Как хорошо было идти за каюрами якутами или эвенками. Они шли по тайге, будто по своему огороду. И всегда объясняли своё точное знание нужного пути очень просто: «Я помню дверь дома, из которого вышел». Но как это так? Как в кружении по бескрайней тайге, помнить, где она, эта дверь дома, из которого вышел?! Невозможно уразуметь!

Аганя попыталась сообразить, представить эту дверь, из которой вышла она. Встала лицом туда, куда закатилось солнышко, к Западу. Якутские и эвенкийские жилища: ураса, юрта, яранга всегда располагалась входом на Восток. И охотник, здешний вековечный обитатель леса, посмотрев на солнце или луну, точно знал, где его дом. Он знал, даже не глядя: он никогда не выпускал его из своего внутреннего взора. Он мысленно не расставался с домом.

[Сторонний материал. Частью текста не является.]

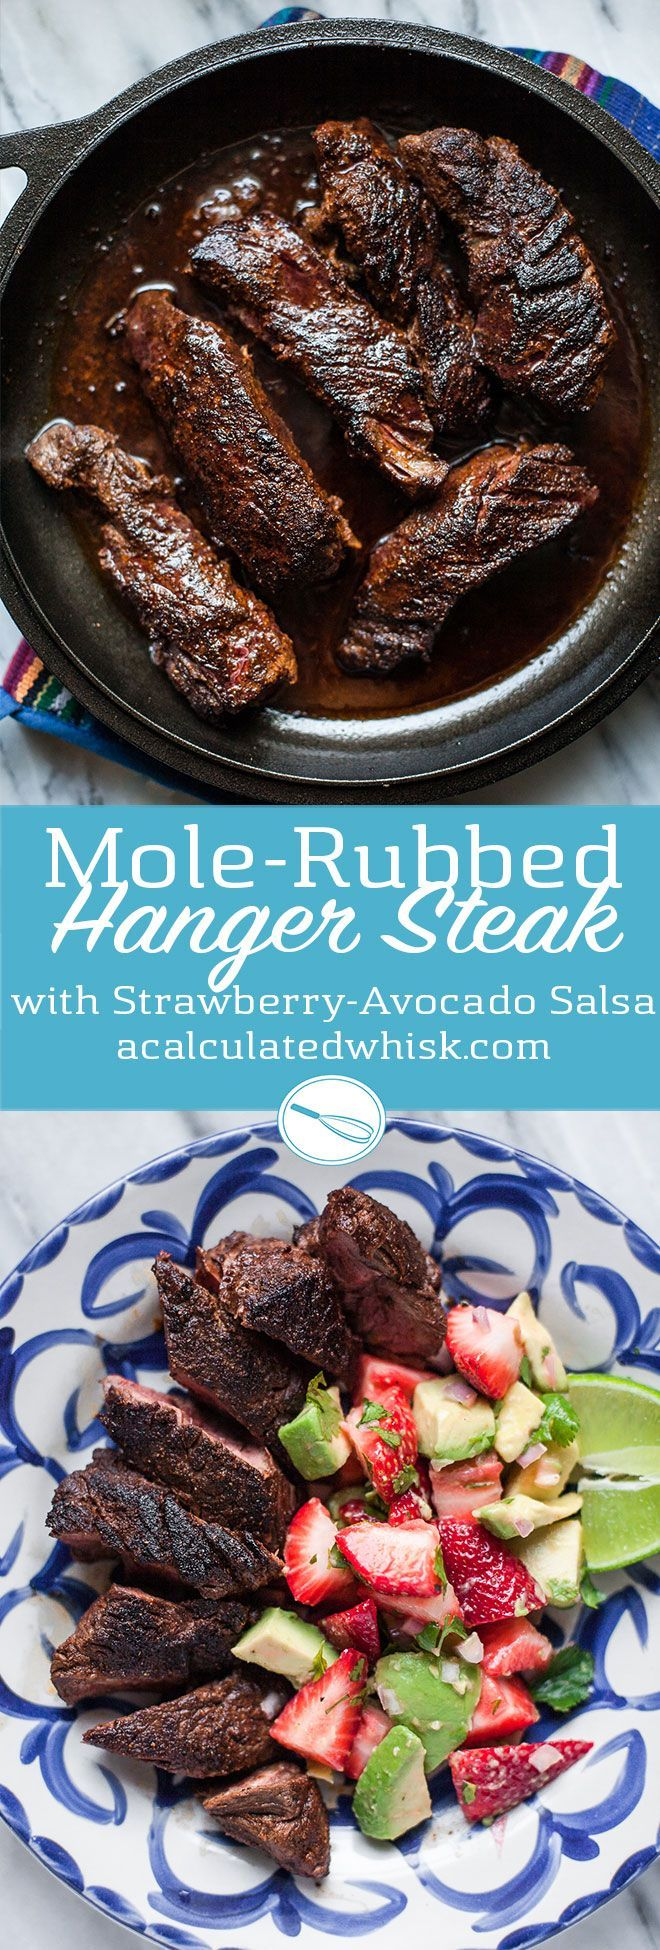 Air Fryer Italian Ribeye Steak Recipe in 2020 | Hanger ...
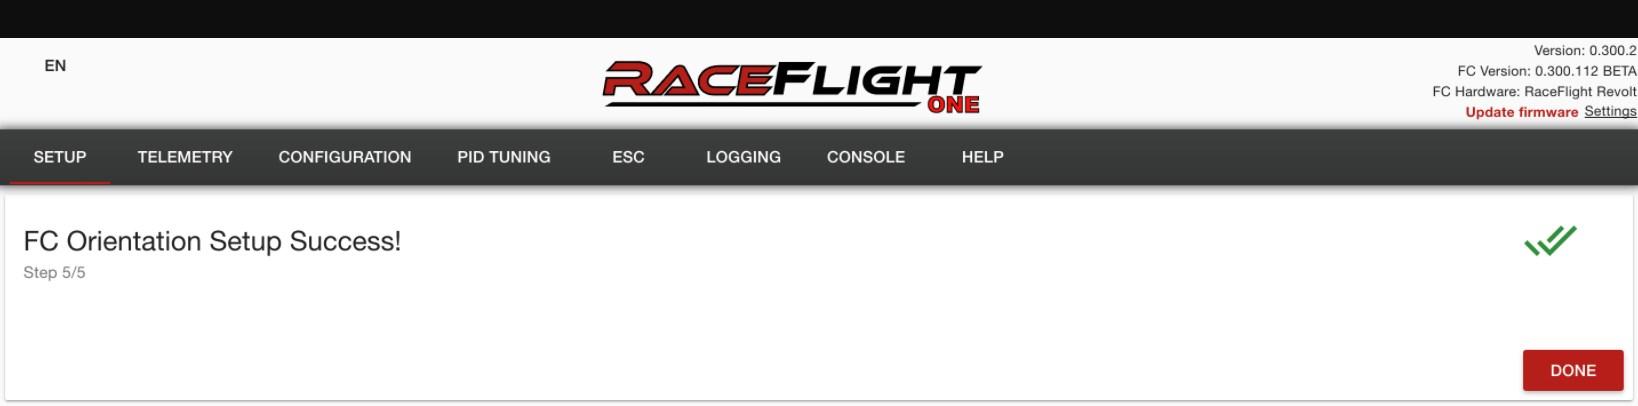 RaceFlight FC Orientation

Палатку же ставили так, как было удобнее примостить её на земле, на пологой или ровной почве. Аганя, прикрыв глаза, силилась вспомнить, куда смотрел вход палатки, из которой она вышла, но ясно представился порог иного жилья. Тяжёлая дверь дома над крылечком, мимо которого вытягивали за уздцы Каурого, а конь выкручивал на неё, крохотную, бельмасый глаз. И мать выводила её, закутанную в полушалок, в эту дверь, тонко пискнувшую напоследок. Аганя с изумлением обнаружила, что к двери того дома, из которого вышла навсегда, она путь знает, и найдет её днем и ночью.

А вот сюда, куда-то рядом совсем, как ни кружись, не поймёт, в какую сторону идти. И кустища теперь смотрели ведьмаками, коряги таились лешими, и все тянулись уродливыми пальцами, норовили зацепить и утащить куда-то. И этот, глазастый, размножился и отовсюду пялил свои зенки.

Она вскарабкалась на сосну, ещё не осыпавшуюся, густую. Здесь она была невидна. Наломала прутьев, устроила полог меж двумя крепкими ветвями. Прислонилась к стволу, боясь упасть. Приютилась, понимая, что неспроста якуты любят селиться близь сосны: где сухо, теплее, и дышится легче. Прикемарила. Проснулась от холода. Тёрла себя, грелась, но озноб пробирал. Спустилась вниз, как ни страшно было, бегала вокруг, пугаясь собственного дыхания. Снова пряталась на дереве. Открыла глаза с первым светом. Шорох — настораживающий, подбирающийся. Полосатенький бурундучок облюбовал ветку рядом, вёл последние приготовления к зимней спячке.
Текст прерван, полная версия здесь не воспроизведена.